Whether it was the U.S. government’s insistence on promoting abstinence – and therefore downplaying the use of condoms – or refusal to provide clean, free needles to drug users, few challenged these policies, Dube writes. Moreover, preferring “trafficking victims” or “prostitution” over “sex work” or “sex worker” in government programs cast a criminal air over people who voluntarily became sex workers.
As a former employee of the World Bank’s health policy division, he writes about the heavily subsidised food for “us prosperous people”, ostensibly high expenditure on travel, the staff being “utterly cut off from reality” and his immediate boss’ reluctance to publish a report that recommended legalising sex work. But it was the same organisation, which he joined in 1993, being a huge funder of AIDS prevention efforts in developing countries, that gave equal treatment to its employees, in terms of health insurance for same-sex partners and prohibition of discrimination on the basis of sexual orientation.
The progressive attitude, contrasted in the book with the American government’s “Don’t ask, don’t tell” policy, also stemmed from the “outspokenness of prominent Bank economist Hans Binswanger about being gay and HIV-positive.” But this institutional openness didn’t translate into understanding the predicament of sex workers at that time, the book shows, who were also part of another set of sexual outlaws.
The author joined the UNAIDS secretariat in 2005 as a senior adviser and speech writer to executive director Peter Piot, who was credited with discovering the Ebola virus.
“Only the … secretariat had the global legitimacy to halt the Bush administration’s drive to destructively rewrite international HIV prevention strategies,” a chapter in the book, “A World War”, reads. Dube, however, was crestfallen to see his boss’ subservience in accepting the government’s policies on sex work, drug use and abstinence over condoms. These developments took place around the time the United Nations, led by Kofi Annan, had begun providing basic benefits to gay employees and their partners. Dube left the group in anger.

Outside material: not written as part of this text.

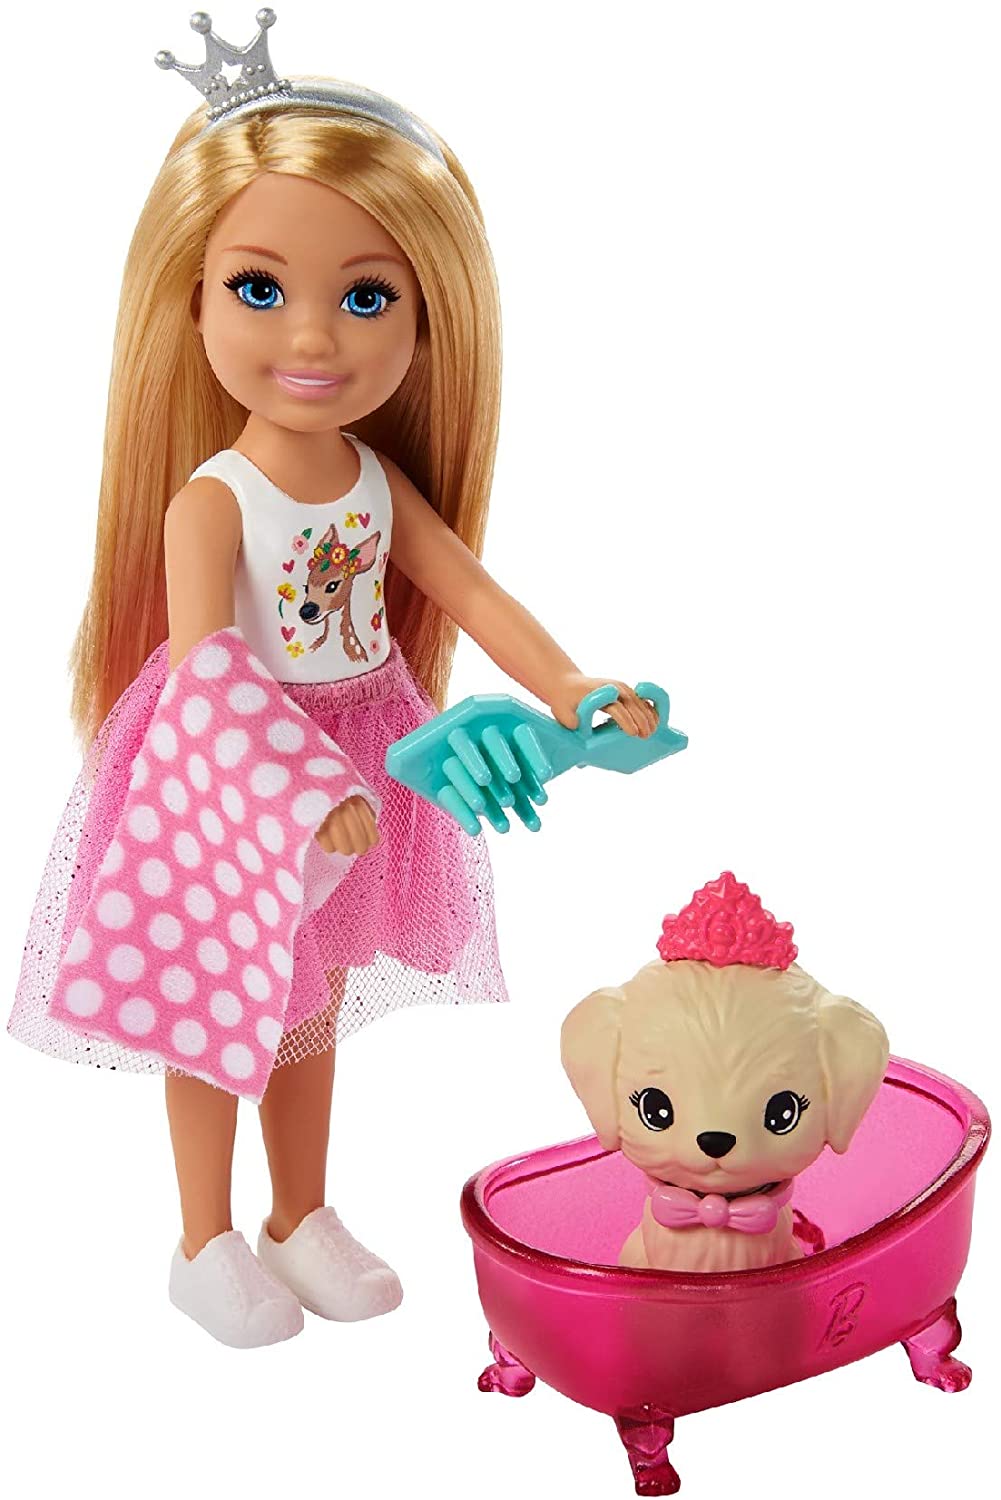 Barbie Princess Adventure Puppe und Spielset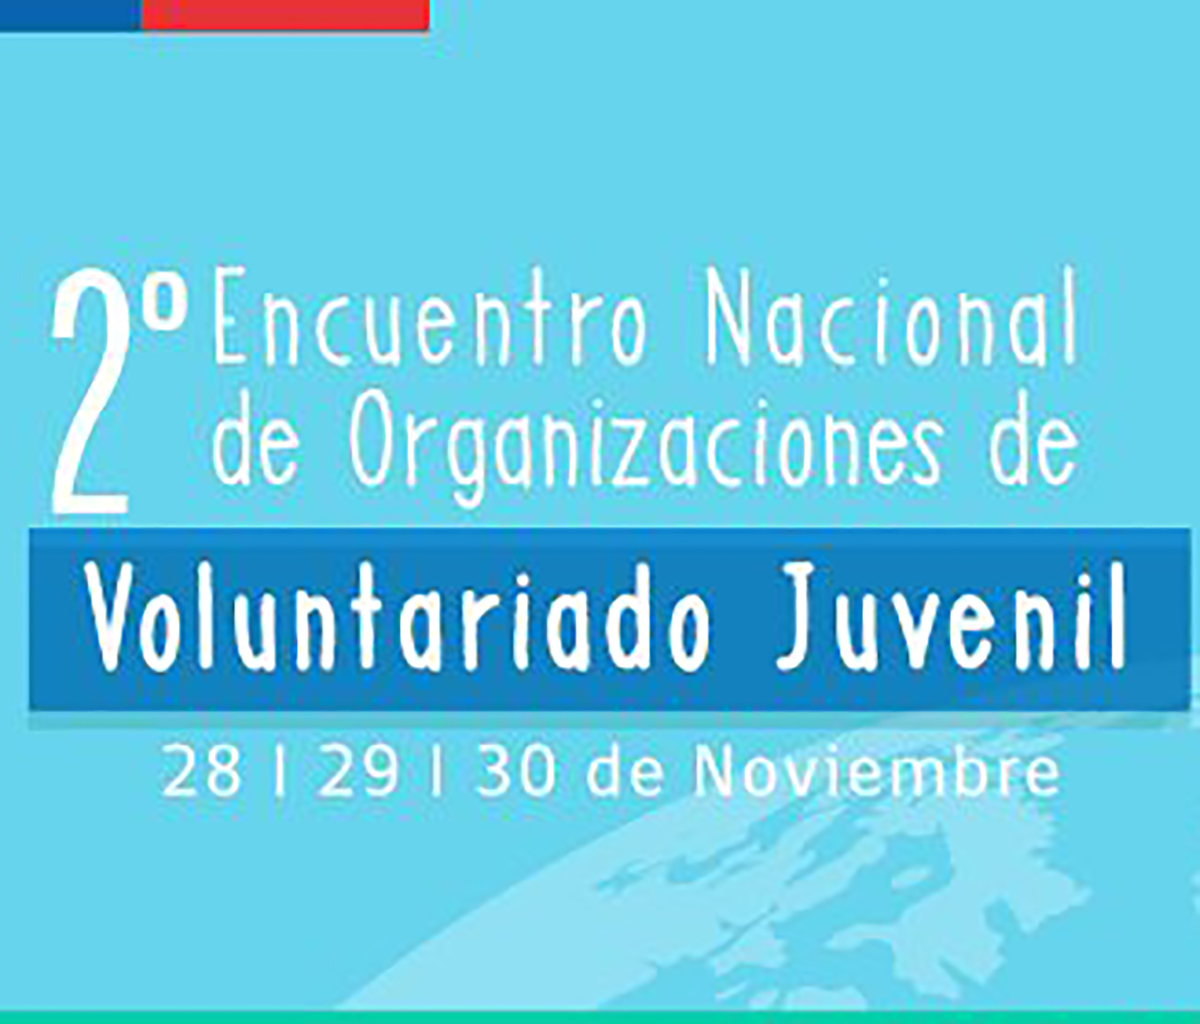 INJUV extiende plazo hasta este viernes 28 de octubre para inscribirse en el 2do encuentro nacional de voluntariado

In India, Dube paints a portrait of an “ironic” country, much like the stereotypical idea that India is a land of contradictions. Despite the social disgrace and bigotry attached to homosexual desire, “there was a rip-roaring same-sex life amongst Indian men,” he writes. This takes place against a backdrop of prolonged torture and the incarceration of sexual minorities.
“No One Else” oscillates between fear, anger and hope. It seeks to create a sense of imprisonment or solitary confinement, Dube said. The metaphor of the prison, for example, acquires a literal meaning on a winter night in 1988. When he spent a few hours with his boyfriend  at a police station in Delhi for being a “homo”, his worst fears had come true.
Not that there was no hope. For a short time several years ago, it seemed like India’s official attitude toward homosexuality was shifting. In 2009, the Delhi High Court decriminalized homosexual sex, only to be overruled by the Supreme Court in 2013. Once again, Dube said, he was “a criminal in my own country…an outlaw for being who I was.”
He said he was not sure whether the government will repeal Section 377, the colonial era anti-sodomy law, in his lifetime. But he is optimistic. “These are not people who are going to be beaten down and fooled. There are no fools in India.”